InsightFace_Pytorch
InsightFace_Pytorch copied to clipboard
code seems do not support resume training from a saved weight?
I was training a model using CASIA-Webface and it stopped in some where of total epochs accidentally. So I've add some lines in Learner.py and tried to resume training but got failed. here is my resuming code:
def train(self, conf, epochs,resume=False,fixed_str=None):
self.model.train()
conf.device = torch.device("cuda" if torch.cuda.is_available() else "cpu")
self.model = nn.DataParallel(self.model)
self.head = nn.DataParallel(self.head)
self.model.cuda()
self.head.cuda()
start_epoch=0
if resume==True:
if not fixed_str:
raise ValueError('must input fixed_str parameter!')
self.load_state(conf,fixed_str)
self.step = int(fixed_str.split('_')[-2].split(':')[1])+1
start_epoch = self.step//len(self.loader)
self.step = start_epoch*len(self.loader)+1
print('loading model at epoch {} done!'.format(start_epoch))
print(self.optimizer)
running_loss = 0.
dc_loss = 0.
bceloss_func = nn.BCELoss()
for e in range(start_epoch,epochs):
print('epoch {} started'.format(e))
if e == self.milestones[0]:
self.schedule_lr()
if e == self.milestones[1]:
self.schedule_lr()
#nothing changed below
I've changed nothing below. The wired thing is that when I load whichever the weights of all of model, head and optimizer and then continue training, I got a very high CELoss. I tested it in a ipython notebook. When I random initialize a learner, I got CELoss around 45, but when I load a weights(which get a 93% acc on LFW) for the learner I got CELoss around 77. I think the problem lies in the logic of class Arcface in Learner.py but I am not sure. If anyone could help me figure out the issue?
Resuming training works well for me. I didnt change anything in train method and use Arcface head.
Resuming training works well for me. I didnt change anything in train method and use Arcface head.
@boomberung thx. Then maybe my problem lies in nn.DataParallel. I will try it later.
@qq184861643 When I change ArcFace to my own head I have same issue like you. Random initial loss is ~45, but when I resume training from weights loss start from ~50 (and lfw acc is 94%).

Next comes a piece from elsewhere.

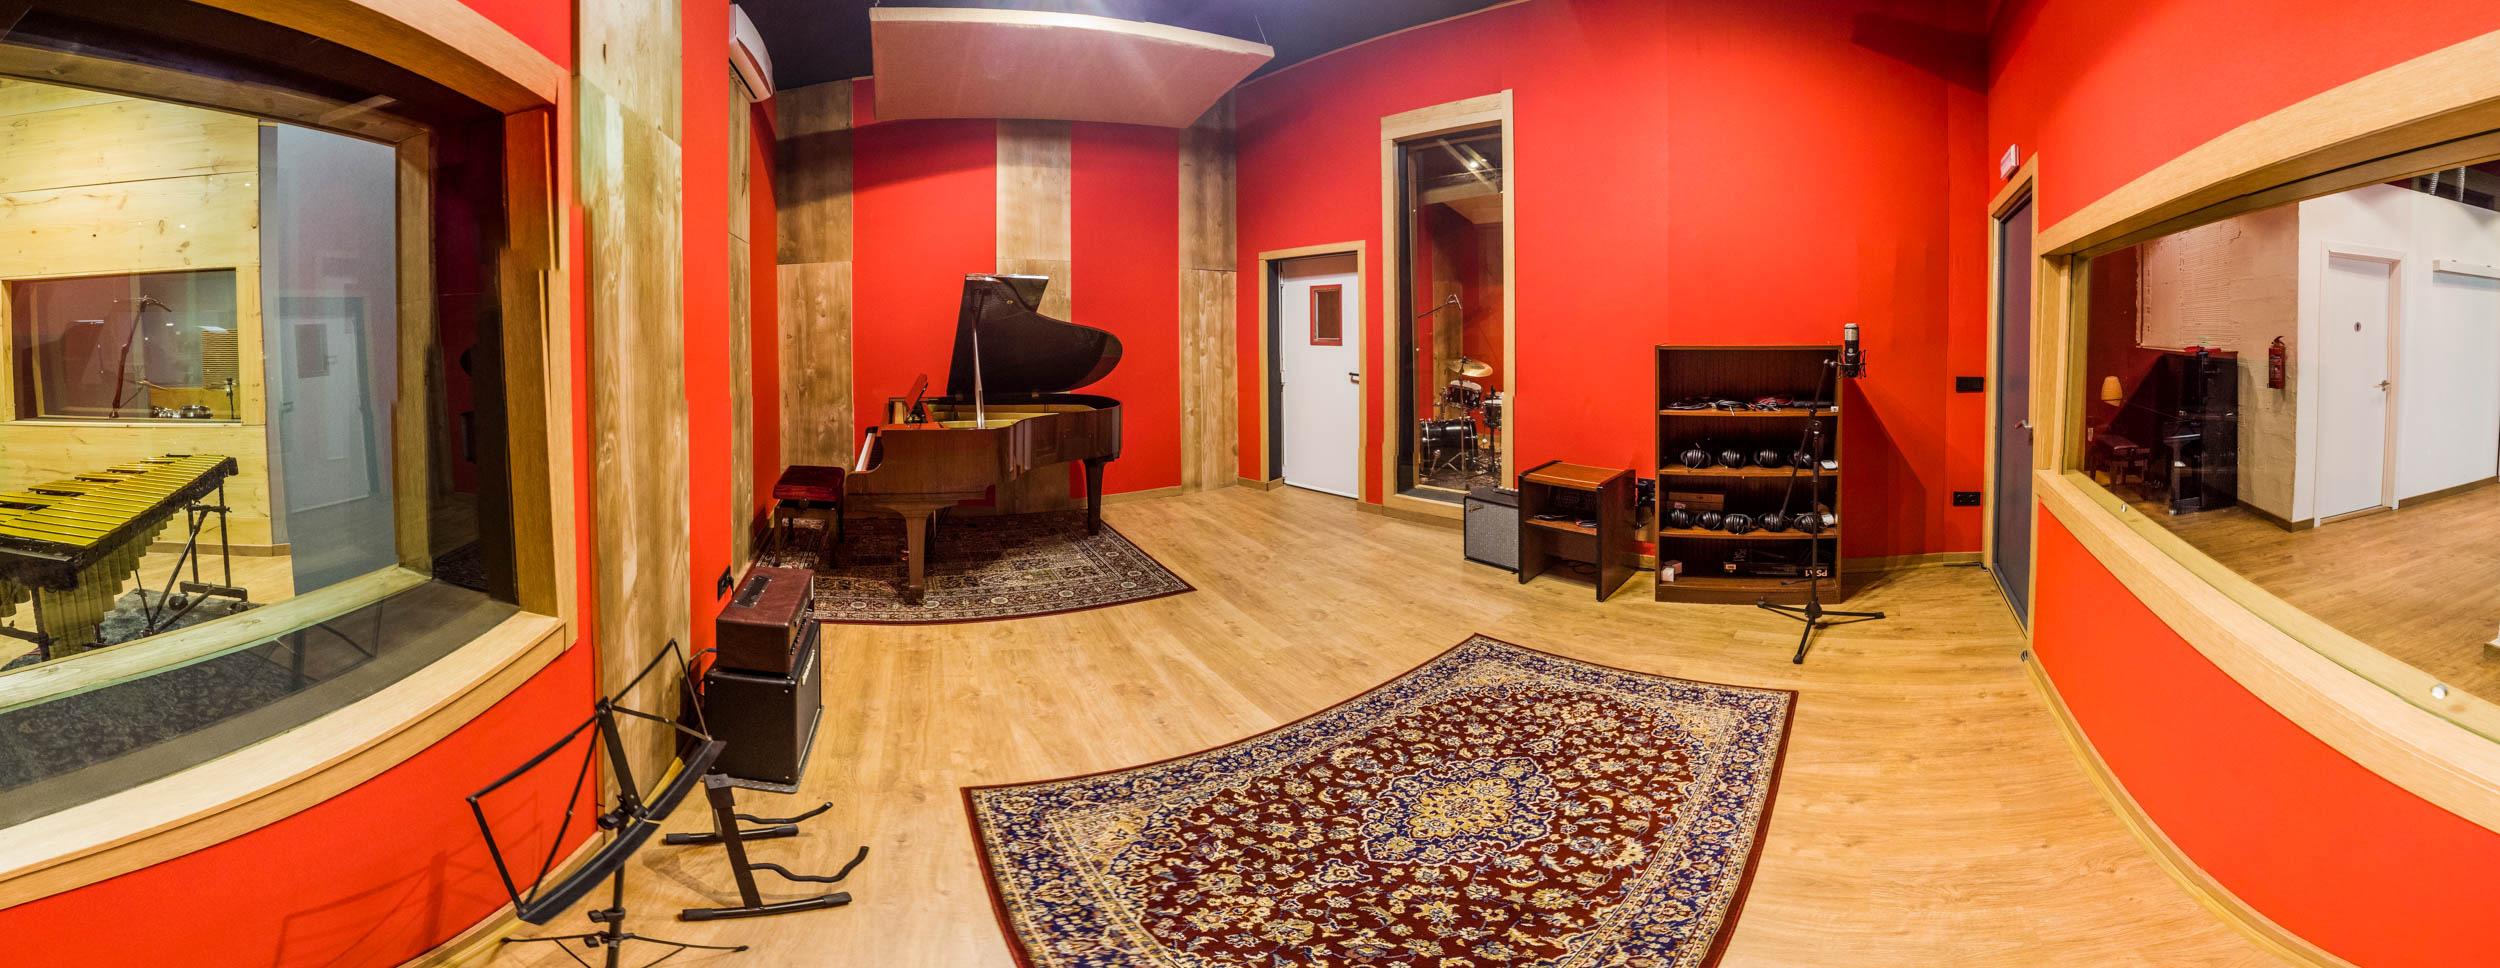 Studio-B-2-1

Hi Unrelated to your question maybe, but i wanted to perform face verification , and the current arcface architecture does not perform really well on my dataset, is it possible to fine tune the model, with my custom dataset?
Thanks in advance
@boomberung Hi! have you figured it out how to solve this? I've tried several methods but still can't fix it
@DecentMakeover if we can't solve the resuming issue I don't think fine-tuning is possible
@qq184861643 No, but I found that even with the curve loss function, the network is learning normally. And I think the problem is with this line "loss_board = running_loss / self.board_loss_every"
@qq184861643 @boomberung Have you solved the problem about resuming?
Hi Unrelated to your question maybe, but i wanted to perform face verification , and the current arcface architecture does not perform really well on my dataset, is it possible to fine tune the model, with my custom dataset?
Thanks in advance
Yes, it is possible. But, I can not get high accuracy when training on my custom dataset. Have you got any idea to solve it?